* Required action *
Take the data below and write it out exactly, except for the pictures.

* Exercise data *

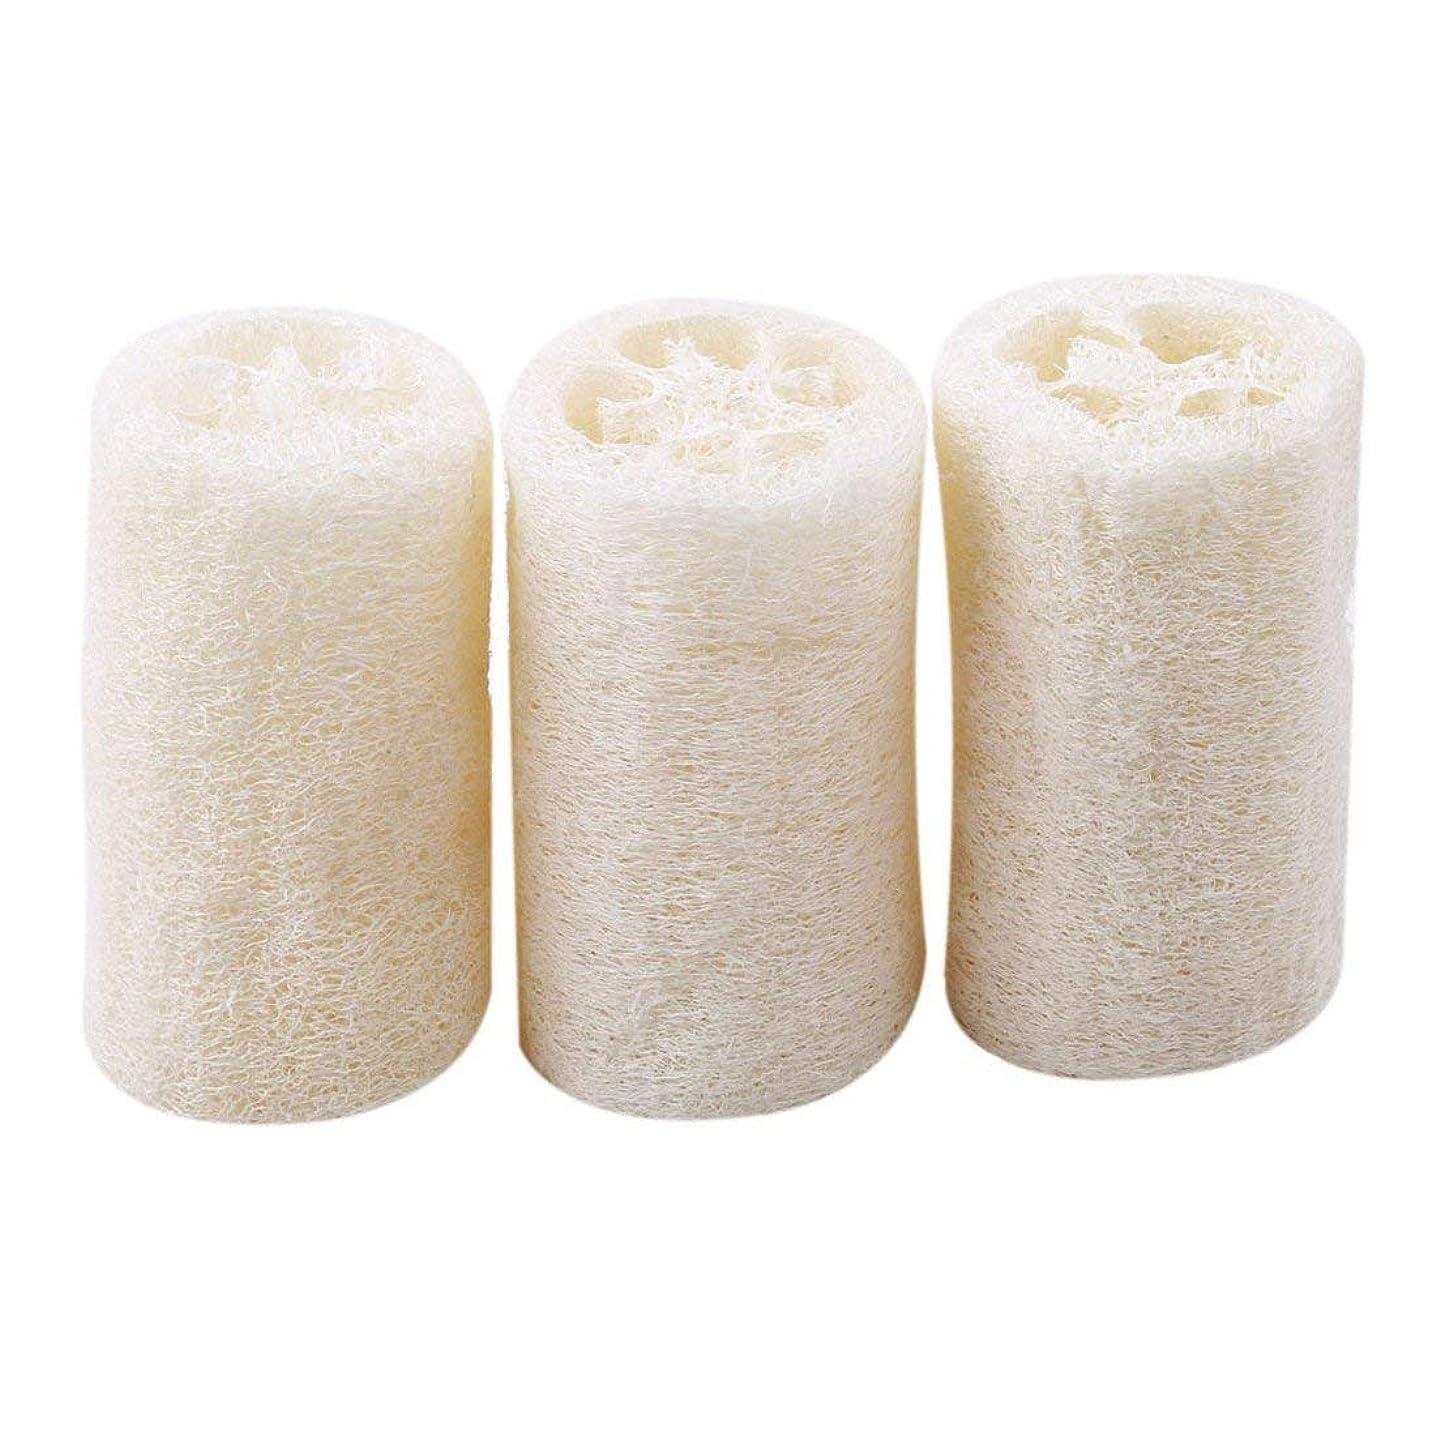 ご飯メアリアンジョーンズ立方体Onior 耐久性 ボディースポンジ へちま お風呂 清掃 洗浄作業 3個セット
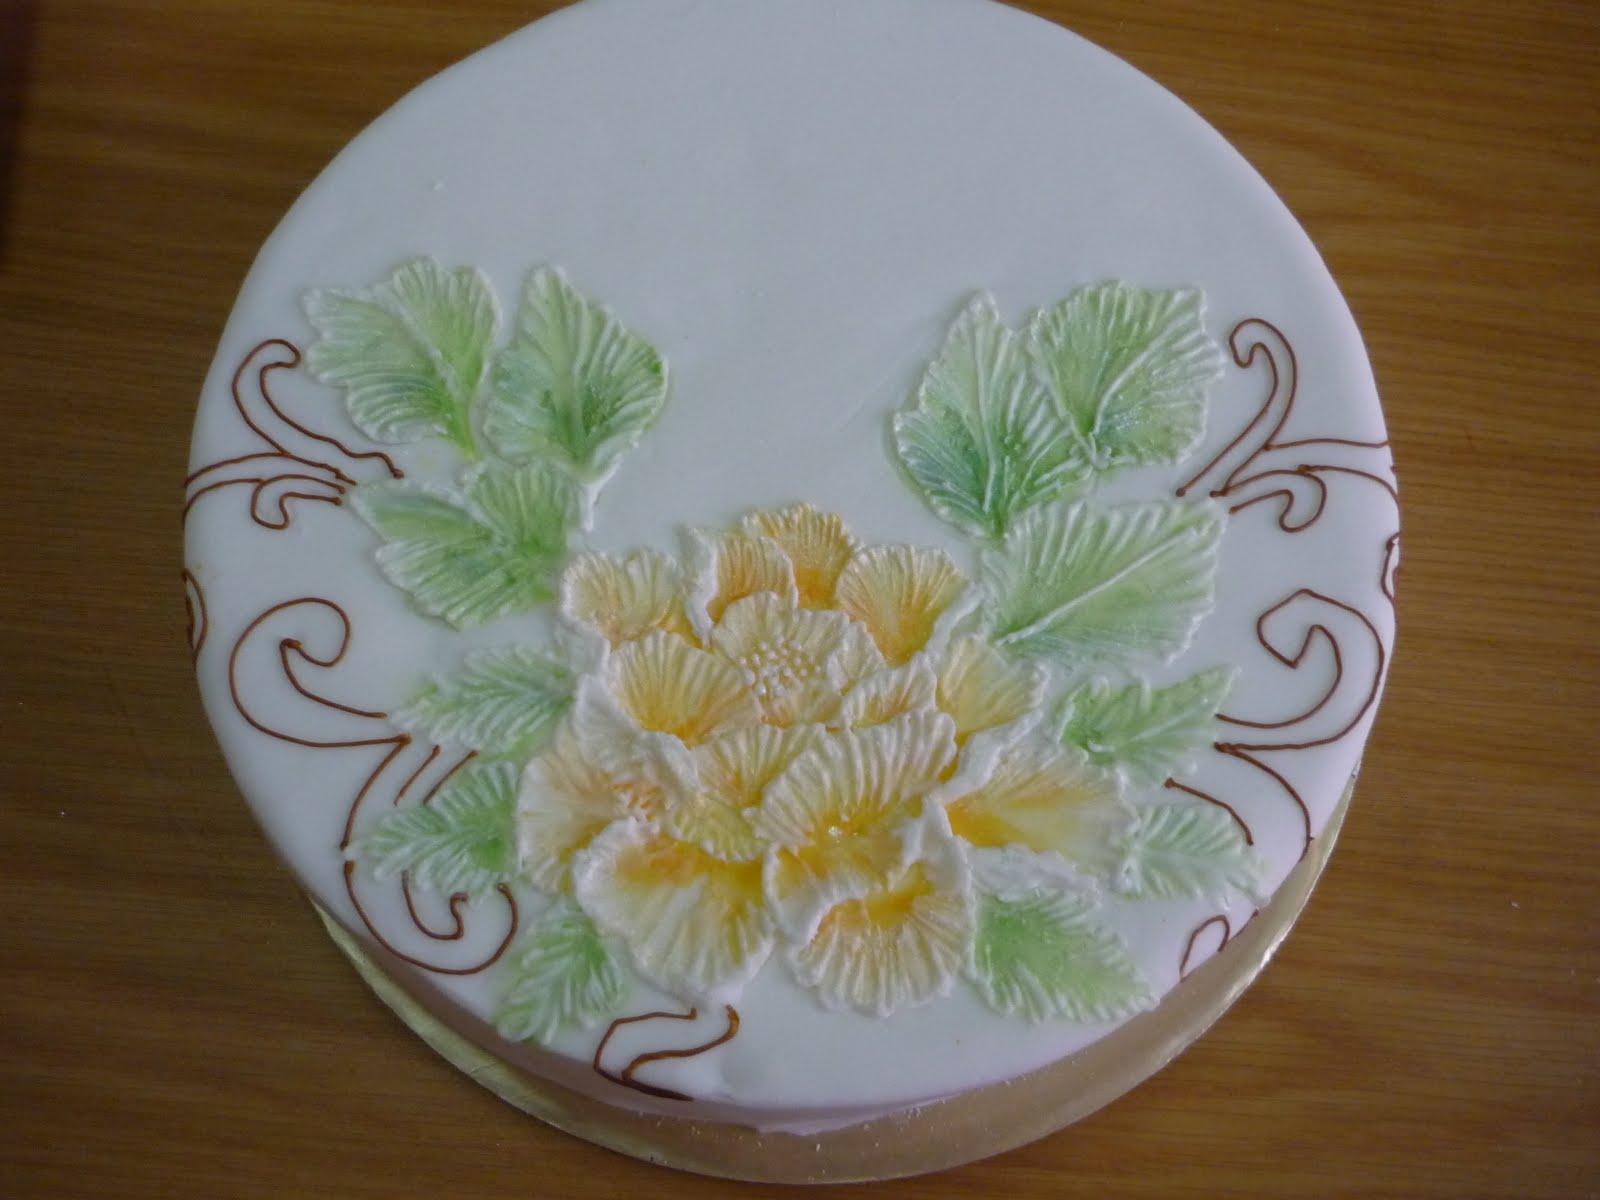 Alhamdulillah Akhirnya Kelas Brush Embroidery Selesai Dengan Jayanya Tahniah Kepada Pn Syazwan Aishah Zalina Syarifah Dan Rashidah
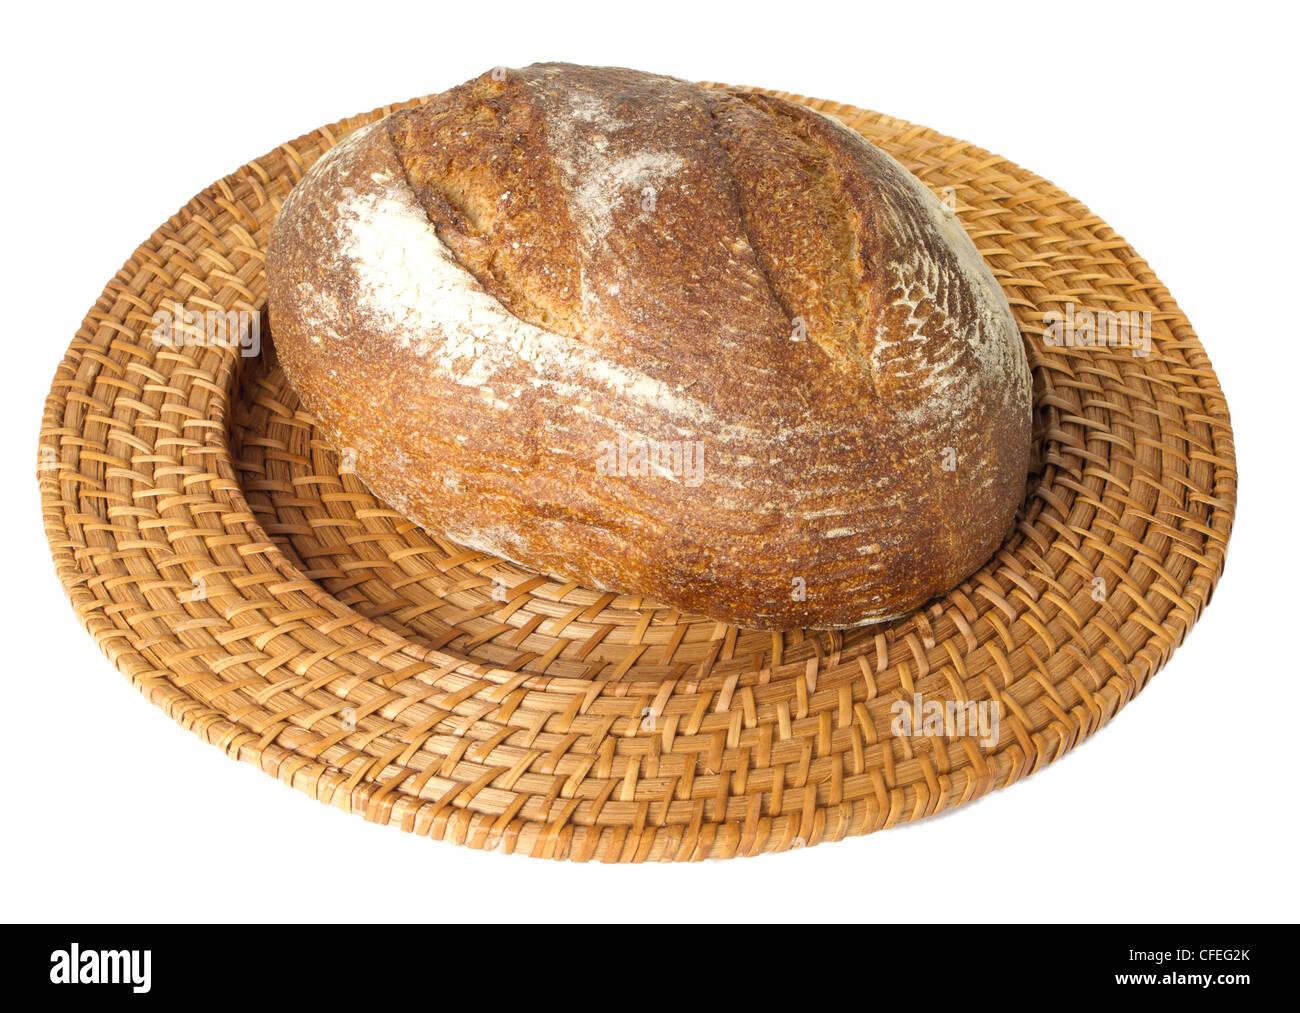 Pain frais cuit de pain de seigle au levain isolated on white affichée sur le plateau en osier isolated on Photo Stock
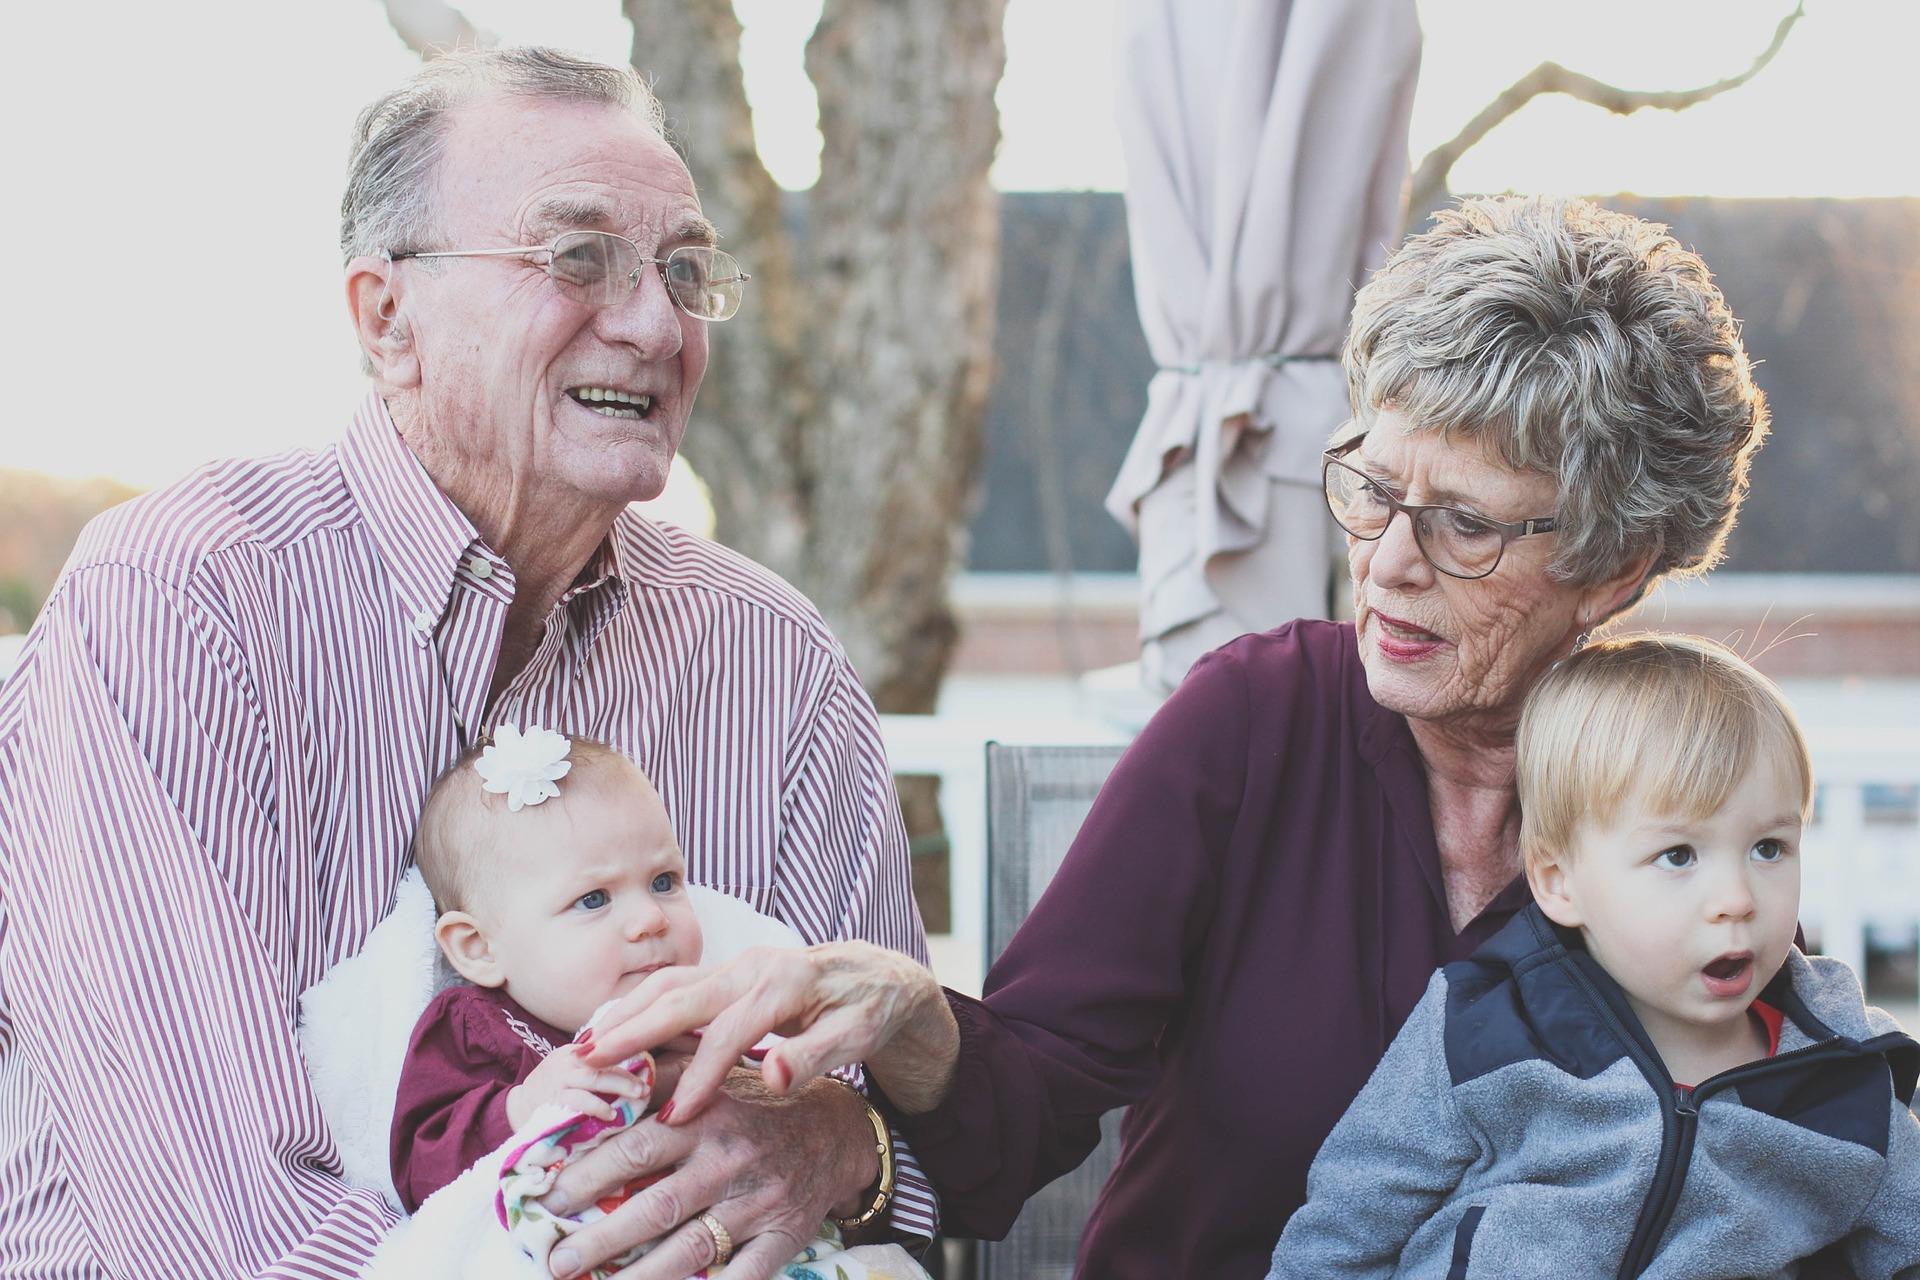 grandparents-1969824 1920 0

* Response *
 ご飯メアリアンジョーンズ立方体Onior 耐久性 ボディースポンジ へちま お風呂 清掃 洗浄作業 3個セット
 Alhamdulillah Akhirnya Kelas Brush Embroidery Selesai Dengan Jayanya Tahniah Kepada Pn Syazwan Aishah Zalina Syarifah Dan Rashidah
 Pain frais cuit de pain de seigle au levain isolated on white affichée sur le plateau en osier isolated on Photo Stock
 grandparents-1969824 1920 0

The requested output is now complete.